◆ AIM OF THE TASK
Once "Frank Herbert: Learning" turns up in a line below, reproduce that line and those after it exactly, stopping after the line with "EARLY 20TH CENTURY"; leave pictures out.

◆ INPUT MATERIAL
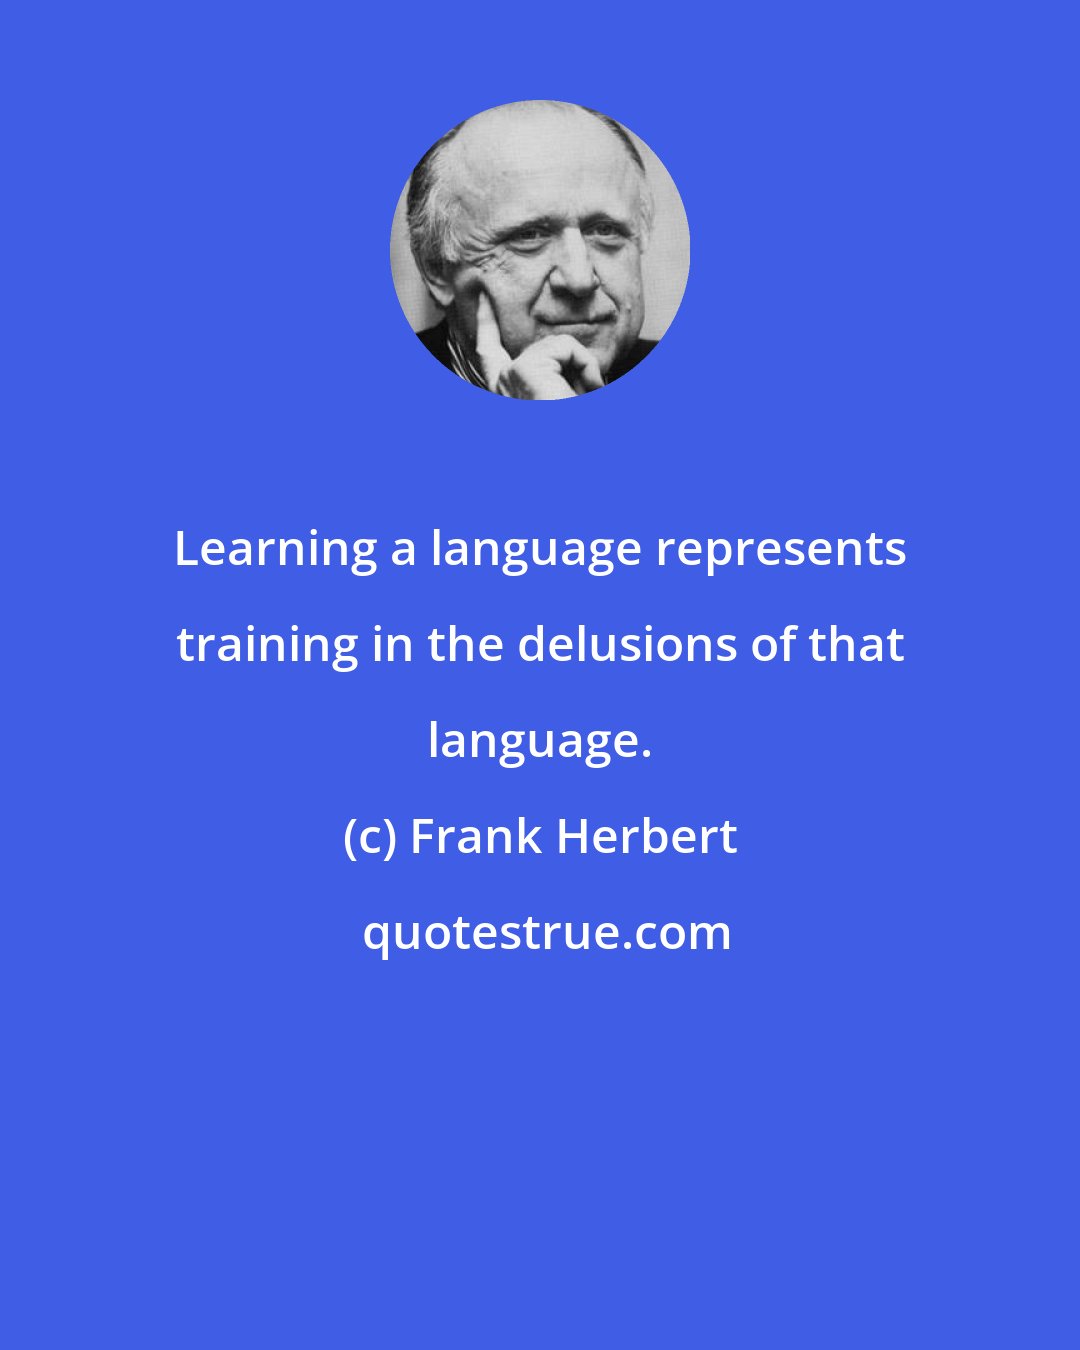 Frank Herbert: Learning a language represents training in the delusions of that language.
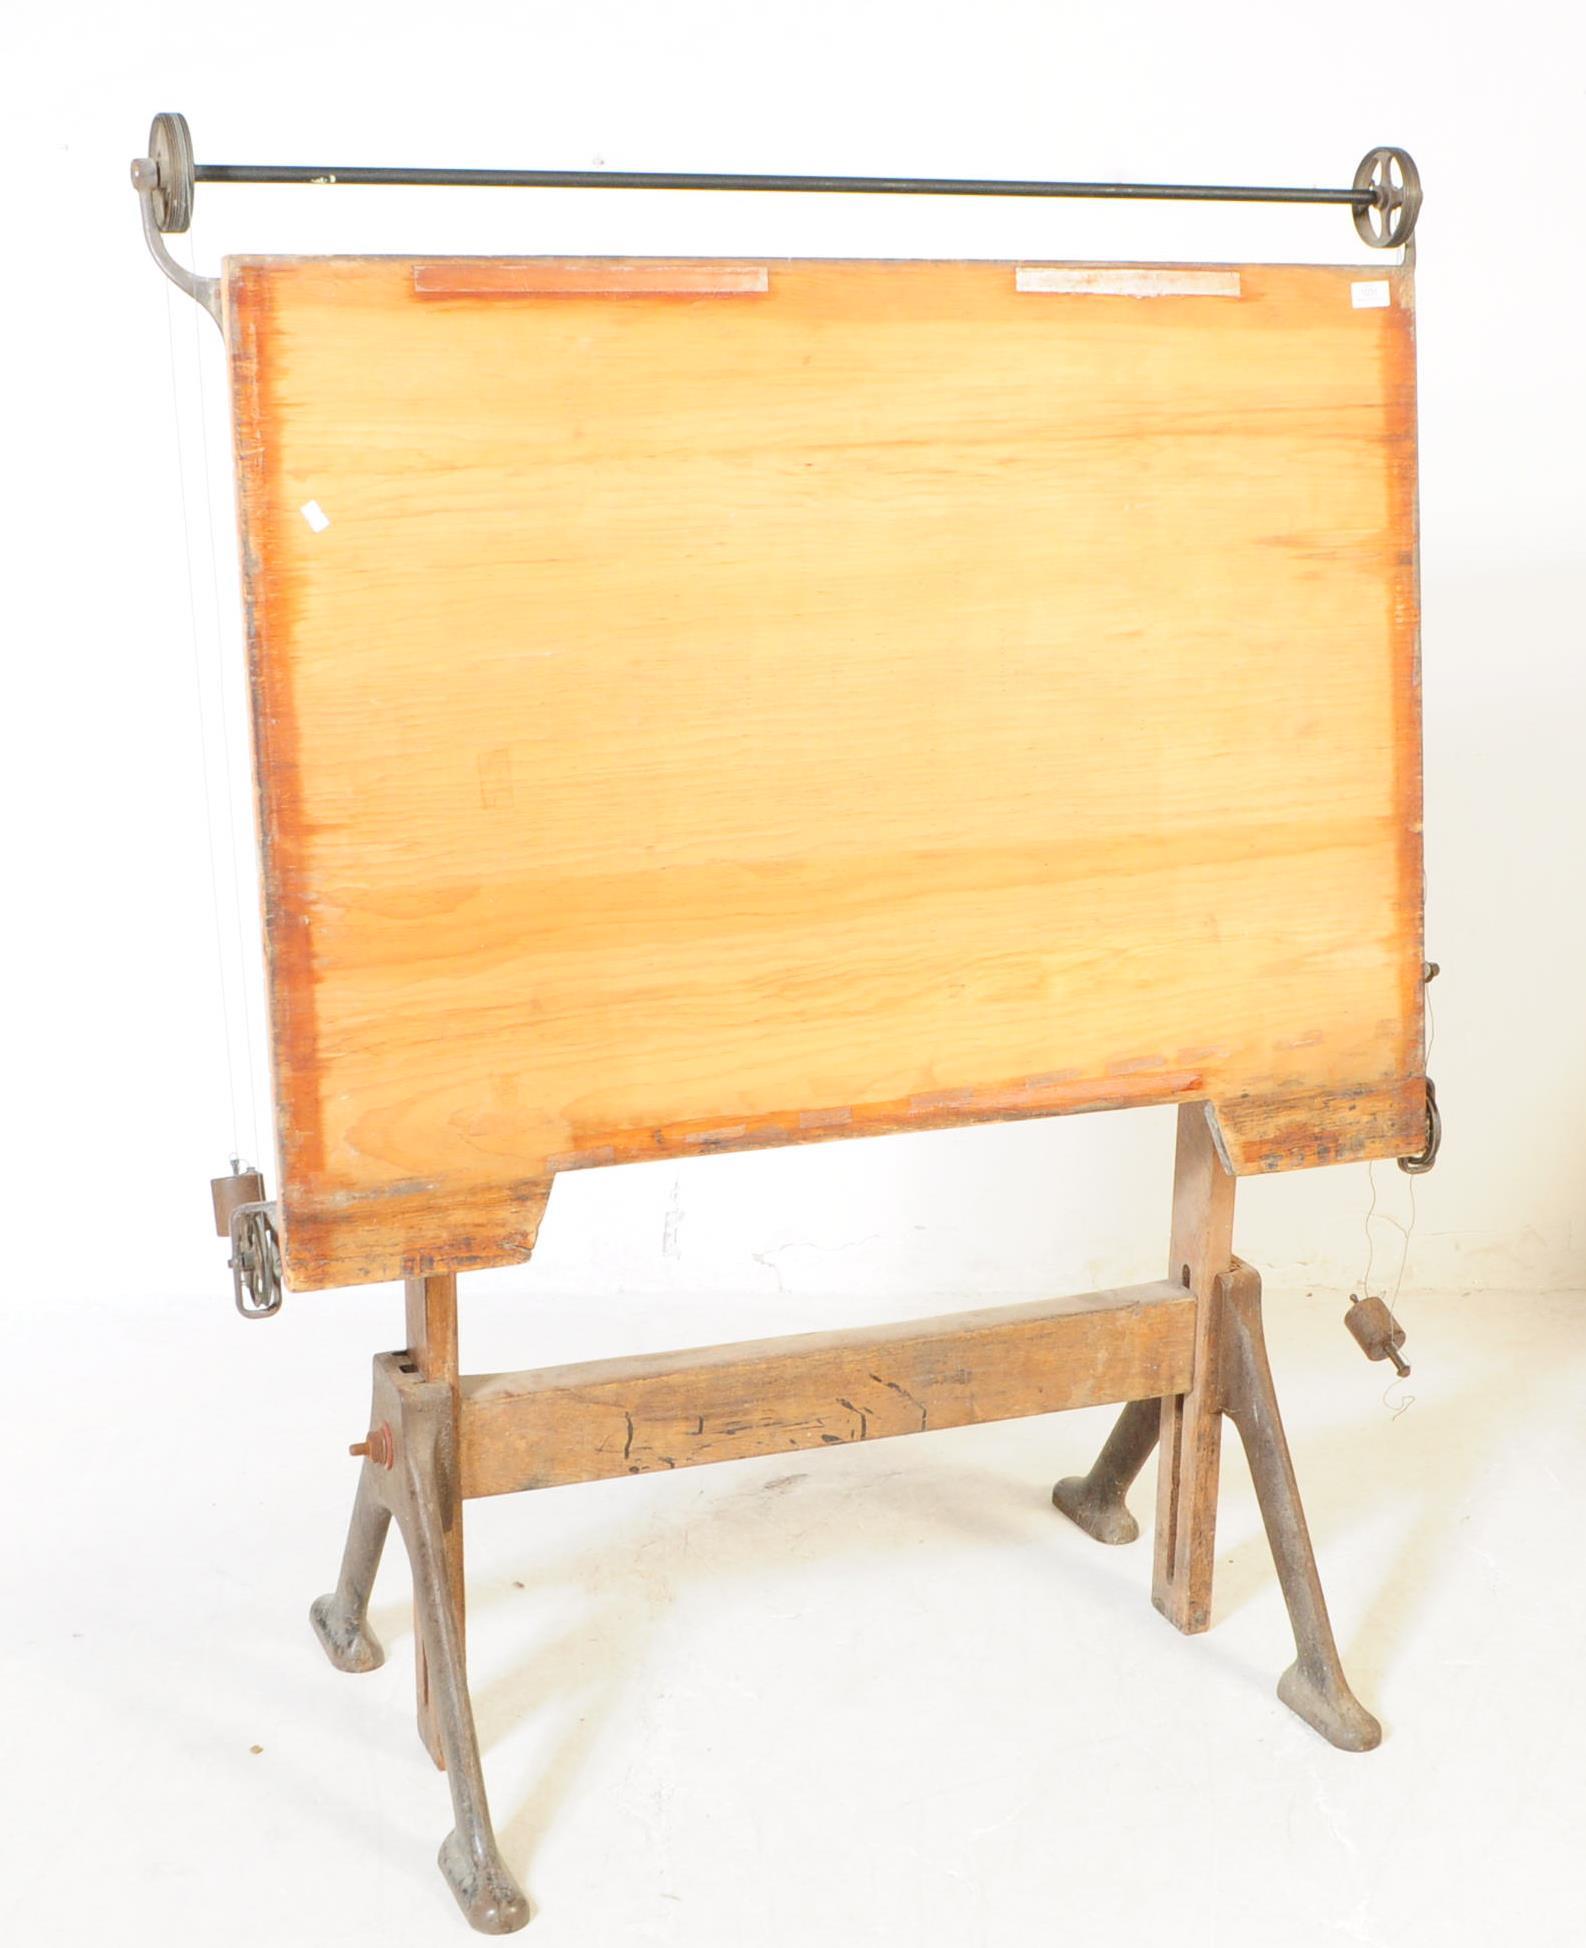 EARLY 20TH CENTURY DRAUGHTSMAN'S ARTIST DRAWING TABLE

* * *

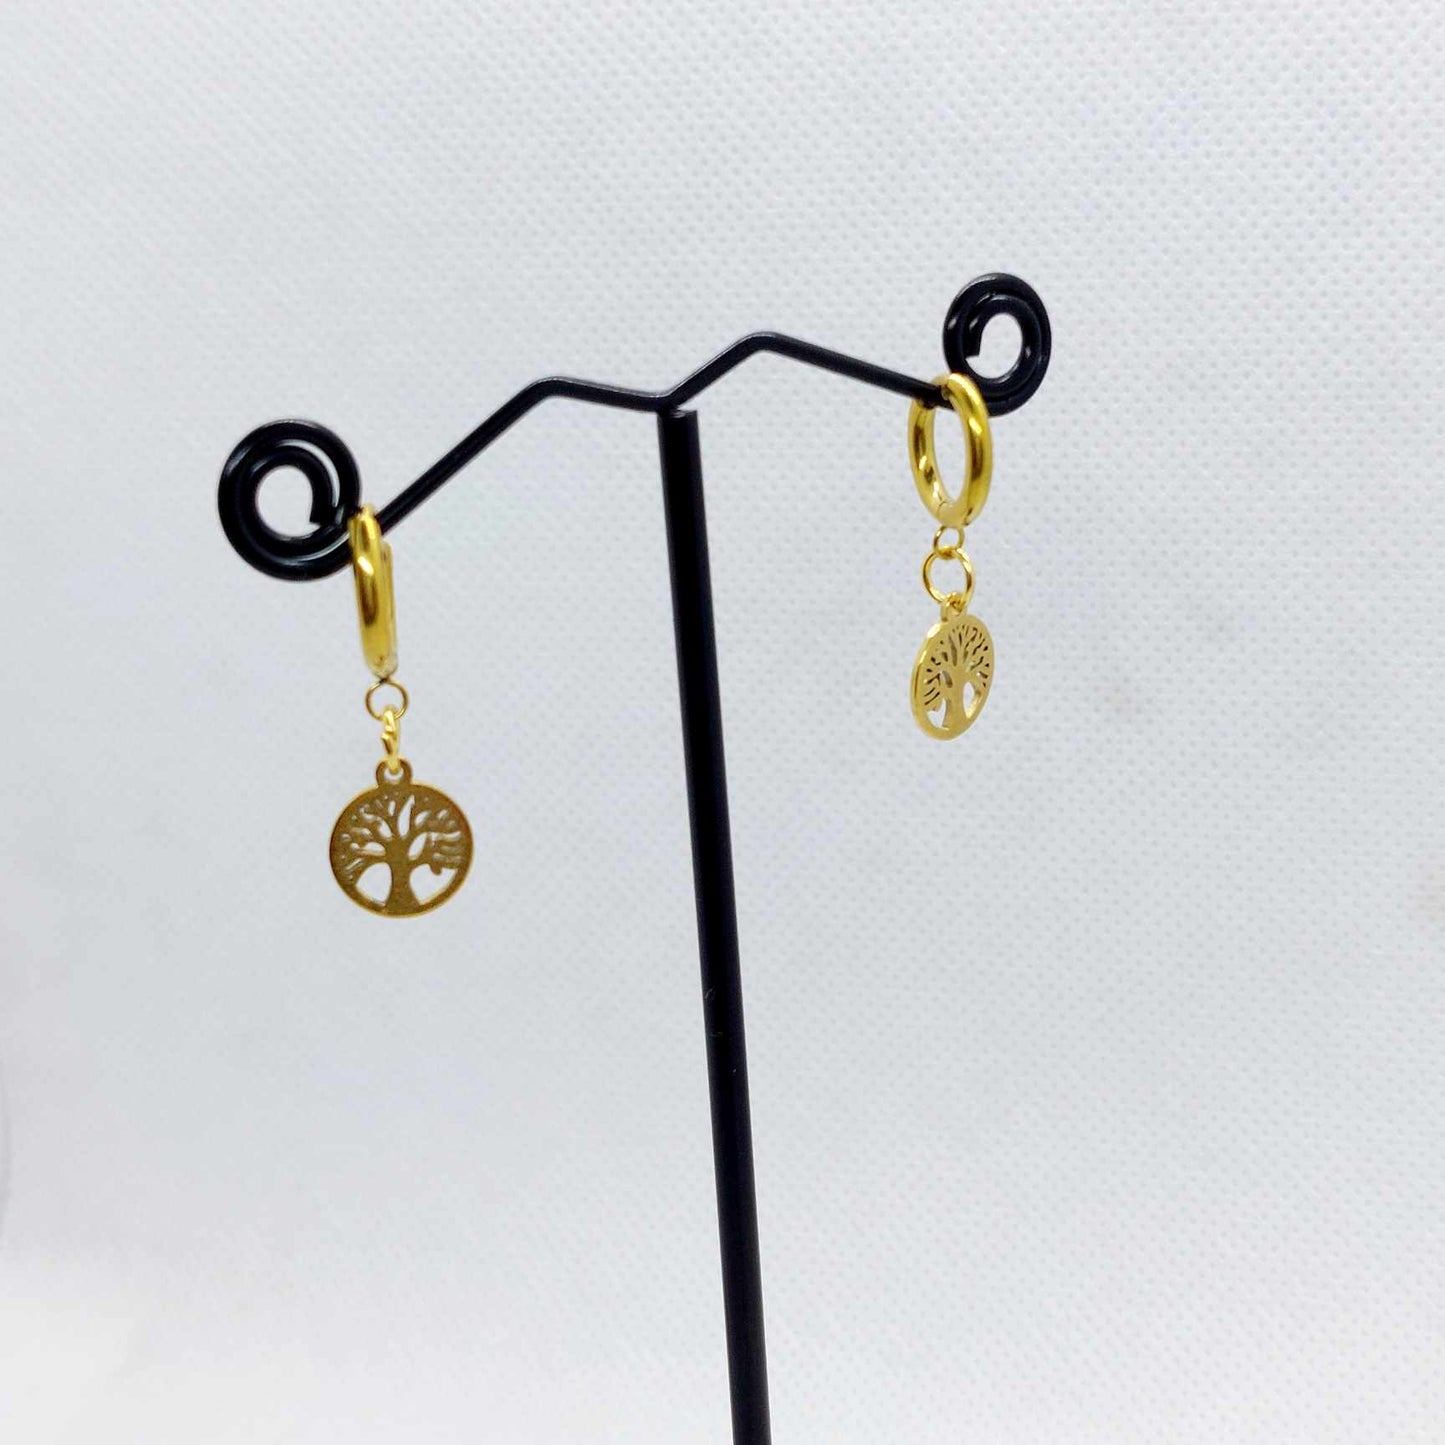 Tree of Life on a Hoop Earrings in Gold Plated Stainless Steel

◆ RESULT
 Frank Herbert: Learning a language represents training in the delusions of that language.
 EARLY 20TH CENTURY DRAUGHTSMAN'S ARTIST DRAWING TABLE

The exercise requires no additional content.